ABOUT THIS EXERCISE:
Look through the entries below and extract exactly the lines from the one containing "No Matter What" through the one containing "French opaline glass", ends included.

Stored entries
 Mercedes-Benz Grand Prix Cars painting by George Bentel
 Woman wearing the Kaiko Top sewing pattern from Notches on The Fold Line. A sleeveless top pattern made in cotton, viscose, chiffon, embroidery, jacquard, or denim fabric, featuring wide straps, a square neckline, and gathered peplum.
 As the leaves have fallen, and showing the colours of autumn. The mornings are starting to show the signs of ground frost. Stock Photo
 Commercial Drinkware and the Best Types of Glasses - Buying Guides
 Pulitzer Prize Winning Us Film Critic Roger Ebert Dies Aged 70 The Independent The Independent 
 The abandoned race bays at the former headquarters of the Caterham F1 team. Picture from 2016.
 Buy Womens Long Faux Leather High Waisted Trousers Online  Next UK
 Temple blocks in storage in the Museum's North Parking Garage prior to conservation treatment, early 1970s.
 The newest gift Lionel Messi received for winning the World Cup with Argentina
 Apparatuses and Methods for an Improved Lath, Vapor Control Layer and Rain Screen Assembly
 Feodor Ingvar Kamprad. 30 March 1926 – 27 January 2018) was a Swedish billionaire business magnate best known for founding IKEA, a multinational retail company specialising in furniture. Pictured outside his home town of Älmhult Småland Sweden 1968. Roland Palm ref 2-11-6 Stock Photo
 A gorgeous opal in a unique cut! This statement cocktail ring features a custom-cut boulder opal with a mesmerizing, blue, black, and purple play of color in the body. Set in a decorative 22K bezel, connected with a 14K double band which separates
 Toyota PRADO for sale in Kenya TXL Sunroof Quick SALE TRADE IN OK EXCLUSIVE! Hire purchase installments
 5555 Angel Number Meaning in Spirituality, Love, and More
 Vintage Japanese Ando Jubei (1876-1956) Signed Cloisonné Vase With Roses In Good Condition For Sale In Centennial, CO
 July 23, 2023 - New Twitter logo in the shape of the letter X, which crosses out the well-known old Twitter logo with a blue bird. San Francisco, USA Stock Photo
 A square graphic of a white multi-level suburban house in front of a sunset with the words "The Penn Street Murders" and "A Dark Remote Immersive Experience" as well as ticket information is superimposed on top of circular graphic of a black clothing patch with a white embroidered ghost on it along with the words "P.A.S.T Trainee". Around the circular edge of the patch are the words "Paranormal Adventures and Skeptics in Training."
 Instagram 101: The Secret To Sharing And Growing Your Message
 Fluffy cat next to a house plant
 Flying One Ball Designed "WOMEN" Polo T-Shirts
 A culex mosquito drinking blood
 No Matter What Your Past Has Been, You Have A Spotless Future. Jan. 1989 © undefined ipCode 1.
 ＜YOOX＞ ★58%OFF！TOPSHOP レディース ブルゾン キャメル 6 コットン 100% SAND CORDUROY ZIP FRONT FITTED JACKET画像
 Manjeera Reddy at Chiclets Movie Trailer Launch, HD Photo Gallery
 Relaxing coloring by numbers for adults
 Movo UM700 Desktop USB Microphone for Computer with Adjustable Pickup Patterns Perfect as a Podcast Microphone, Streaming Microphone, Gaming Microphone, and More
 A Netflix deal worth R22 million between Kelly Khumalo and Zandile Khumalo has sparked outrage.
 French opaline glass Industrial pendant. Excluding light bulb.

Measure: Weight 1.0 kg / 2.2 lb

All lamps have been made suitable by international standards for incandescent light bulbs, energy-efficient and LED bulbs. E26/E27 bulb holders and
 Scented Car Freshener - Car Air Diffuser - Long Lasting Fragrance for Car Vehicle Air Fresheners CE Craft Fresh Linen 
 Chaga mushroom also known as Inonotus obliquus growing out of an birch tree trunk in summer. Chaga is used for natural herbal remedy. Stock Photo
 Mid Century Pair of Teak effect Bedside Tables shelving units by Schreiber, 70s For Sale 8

EXERCISE RESULT:
 No Matter What Your Past Has Been, You Have A Spotless Future. Jan. 1989 © undefined ipCode 1.
 ＜YOOX＞ ★58%OFF！TOPSHOP レディース ブルゾン キャメル 6 コットン 100% SAND CORDUROY ZIP FRONT FITTED JACKET画像
 Manjeera Reddy at Chiclets Movie Trailer Launch, HD Photo Gallery
 Relaxing coloring by numbers for adults
 Movo UM700 Desktop USB Microphone for Computer with Adjustable Pickup Patterns Perfect as a Podcast Microphone, Streaming Microphone, Gaming Microphone, and More
 A Netflix deal worth R22 million between Kelly Khumalo and Zandile Khumalo has sparked outrage.
 French opaline glass Industrial pendant. Excluding light bulb.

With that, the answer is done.